Consider for instance that a £20 donation in 2021 will be worth just £17.60 in 2024. Similarly, a grant of £100,000 in 2021 would be worth just £88,100 by 2024. With many charity contracts and grants operating on a multi-year basis, and with CAF estimating that 36% of donations to charity operate through fixed direct debits and standing orders, this will very rapidly become an issue for charities.

Inflation will similarly impact charities’ cash reserves. Charity Commission data suggests that organisations with income between £0.5m and £1m had 5.3 months of reserves held as cash on average ahead of the pandemic. If charity expenditure rises in line with today’s inflation projections, the value of these reserves will quickly fall in value. By 2024, they would cover just 3.8 months. A charity earning £1m a year would need to increase their reserves by £70,550 by 2024 to ensure their reserves do not fall in real terms.

In terms of the cost base facing charities, we estimate that a typical organisation with an expenditure of £1m would need to factor in an increase in staffing costs of least £75,000 by 2024 to ensure staff are not worse off. This figure does not include the rise in National Insurance, rises in the minimum wage or the health and social care levy coming next year. Previously we estimated that, for charities to ensure that wages don’t fall in real terms as a result of inflation, they would need to spend an additional £2bn in 2024. The significant increases in inflation expectations set out in the Spring Statement mean that we now estimate £3.3bn would be required to meet this challenge.

Charities working to convince government to act on their priorities face an uphill battle this year

The Spring Statement leaves the government’s finances finely balanced, and their future uncertain.

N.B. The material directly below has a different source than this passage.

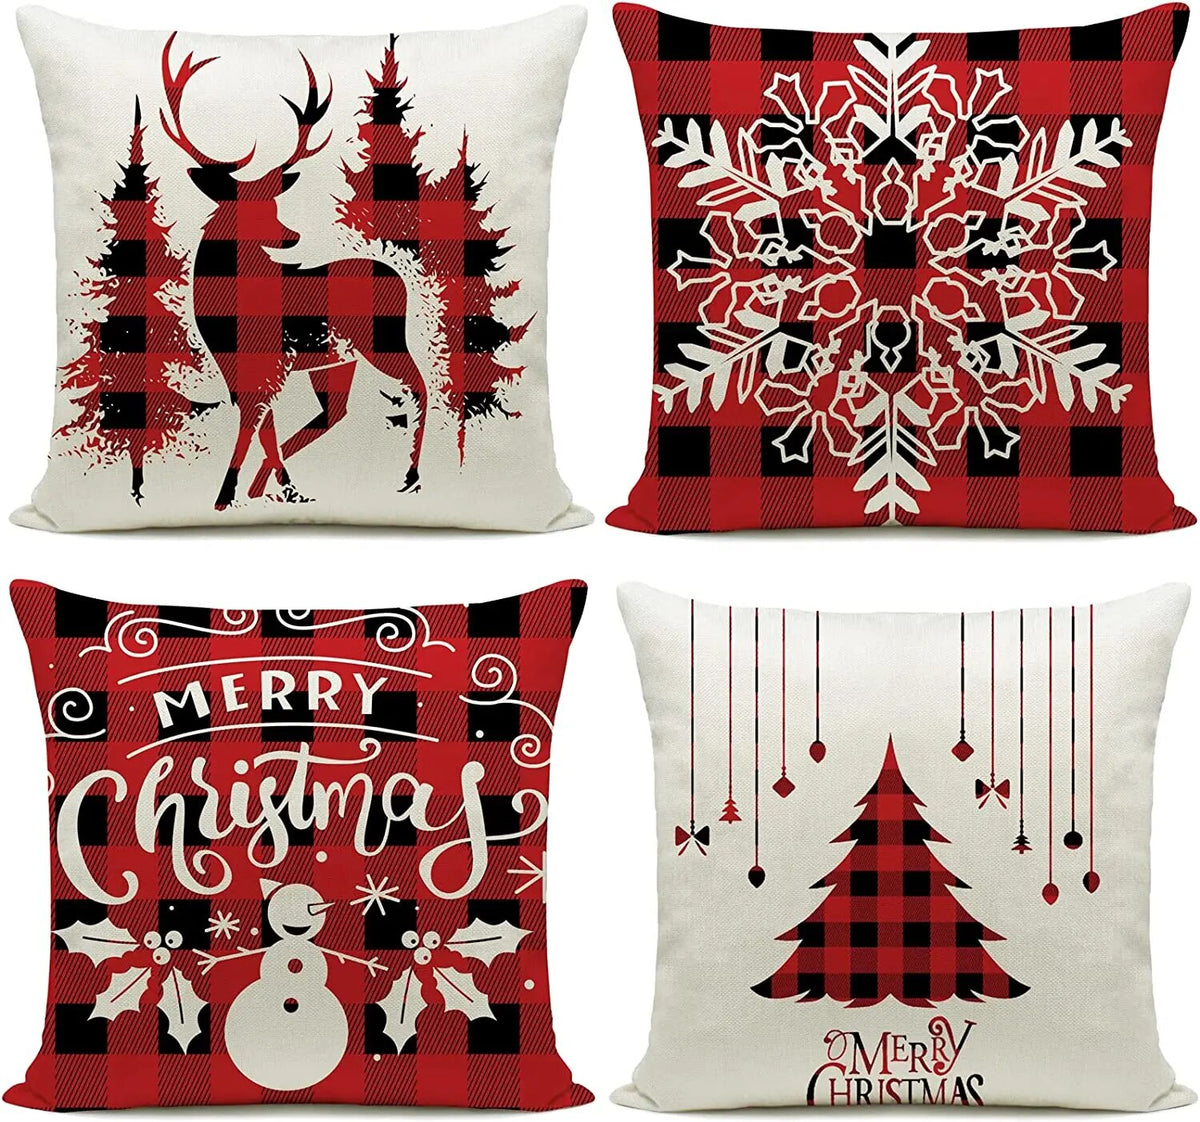 Square Christmas Pillows Covers 18x18 Inch Set of 4, Linen Throw Pillow New

As a backdrop, this creates notable challenges for charities working on the full gamut of issues where government action could make a difference.

Tax revenues relative to the size of the economy are forecast to be at the highest levels since the 1940s, and in 2021/21 the government even received £37bn more than expected in extra tax receipts. However, government debt is set to be £41bn higher in 2022-23 than previously forecast. In addition, the costs of servicing this debt are now expected to be higher. Meanwhile, increases in inflation will leave the real spending power of government departments £15bn lower in 2022-23 than when they were set at the Spending Review.

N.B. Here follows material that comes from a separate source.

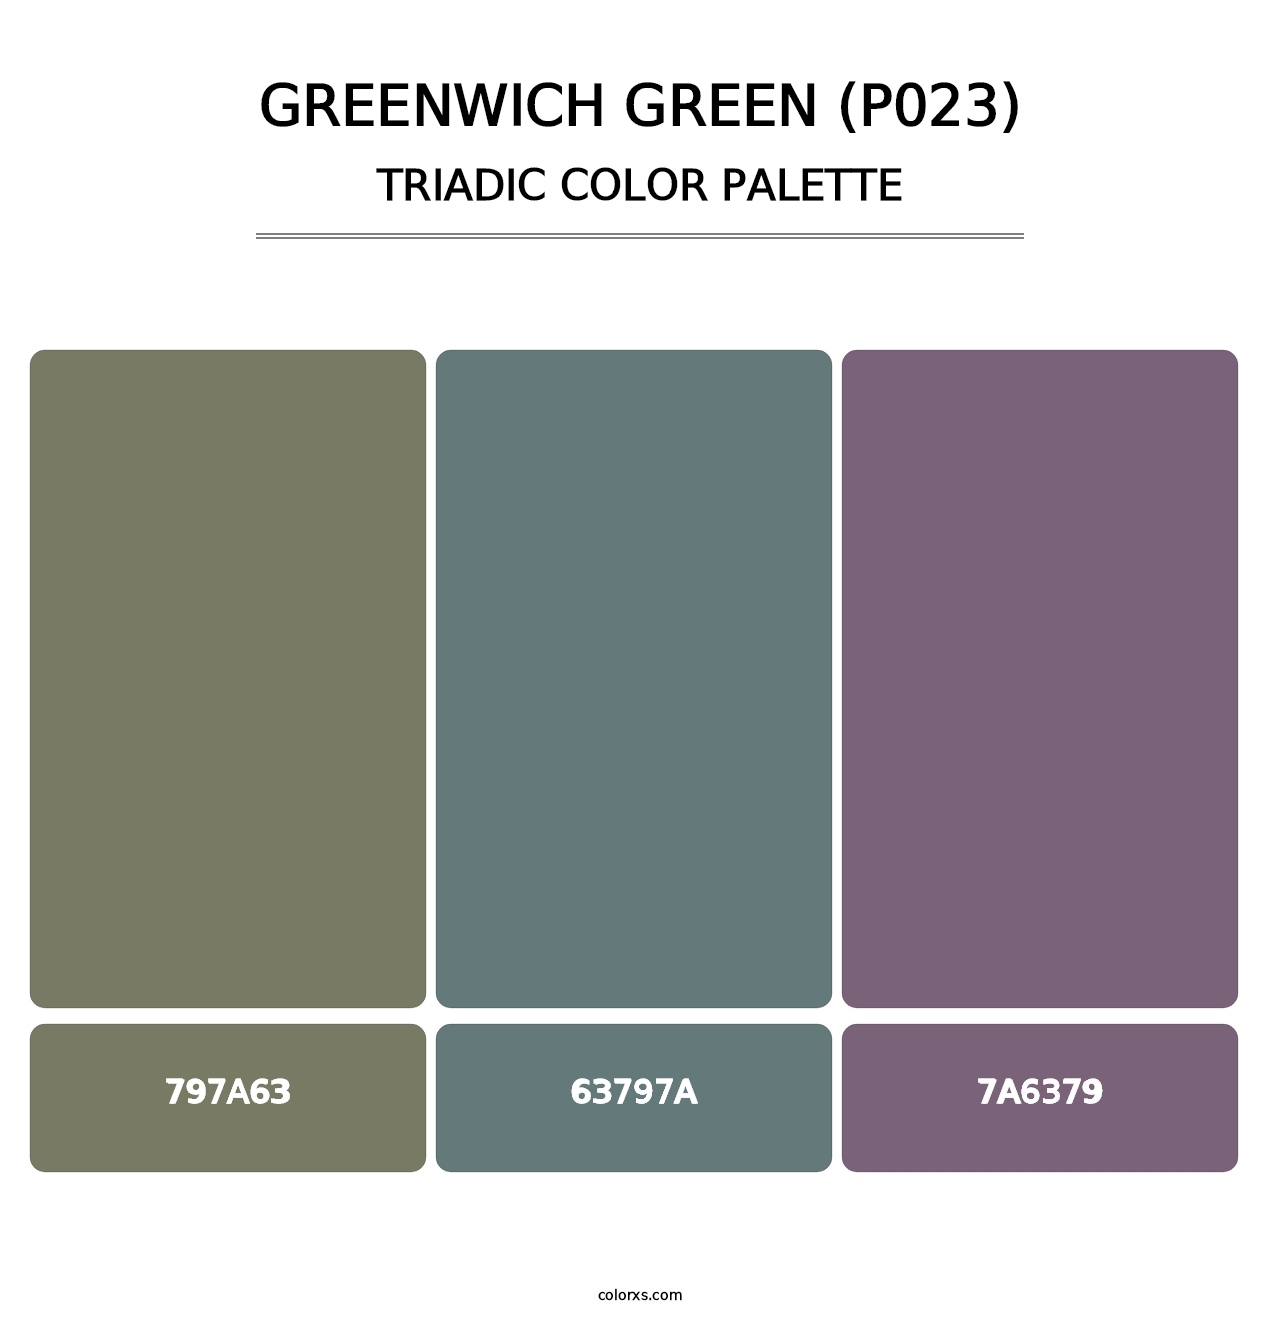 Greenwich Green (P023) - Triadic Color Palette

The Ukraine crisis has added significant uncertainty to the global economy, and the Chancellor gave this as one of the leading reasons as to why he was reluctant to promise more spending at this time. The evidence of the past 6 years of Brexit debate has shown that uncertainty in the economy is usually linked to a level of paralysis, with both government and business unwilling to take additional risks or invest.

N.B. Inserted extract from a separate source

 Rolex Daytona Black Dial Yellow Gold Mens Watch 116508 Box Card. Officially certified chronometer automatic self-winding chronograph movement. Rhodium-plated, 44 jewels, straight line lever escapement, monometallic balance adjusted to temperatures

This mood music suggests that it’s likely to be even more challenging than it has already been for charities looking to convince government to spend to tackle the root causes of issues they’re working to solve. Whether their focus is on supporting the lowest income households or other groups, campaigners are likely to find themselves facing an uphill battle when it comes to spending by both national and local government – potentially compounding ongoing demand issues already in play.

Conclusion

After two years of navigating the pandemic, charities are facing their own second wave. The severe drop in living standards and squeeze on household finances due in the coming months will have major impacts on the people who rely on charities for a range of services – from basic necessities to support with complex mental health needs. At the same time, charitable incomes will be impacted by inflation, by people’s ability to donate and by tighter departmental and local authority spending (with cash awards set out at last year’s Spending Review now being eroded by inflation).

Doing more with less is a conundrum which has become all too familiar for the charity sector over the last two years. But it is a balancing act which will only become harder to pull off as time goes by. The Spring Statement provided few sources of optimism for charities, which will now need to plan for the long-haul of supporting people despite restrictions on their resources.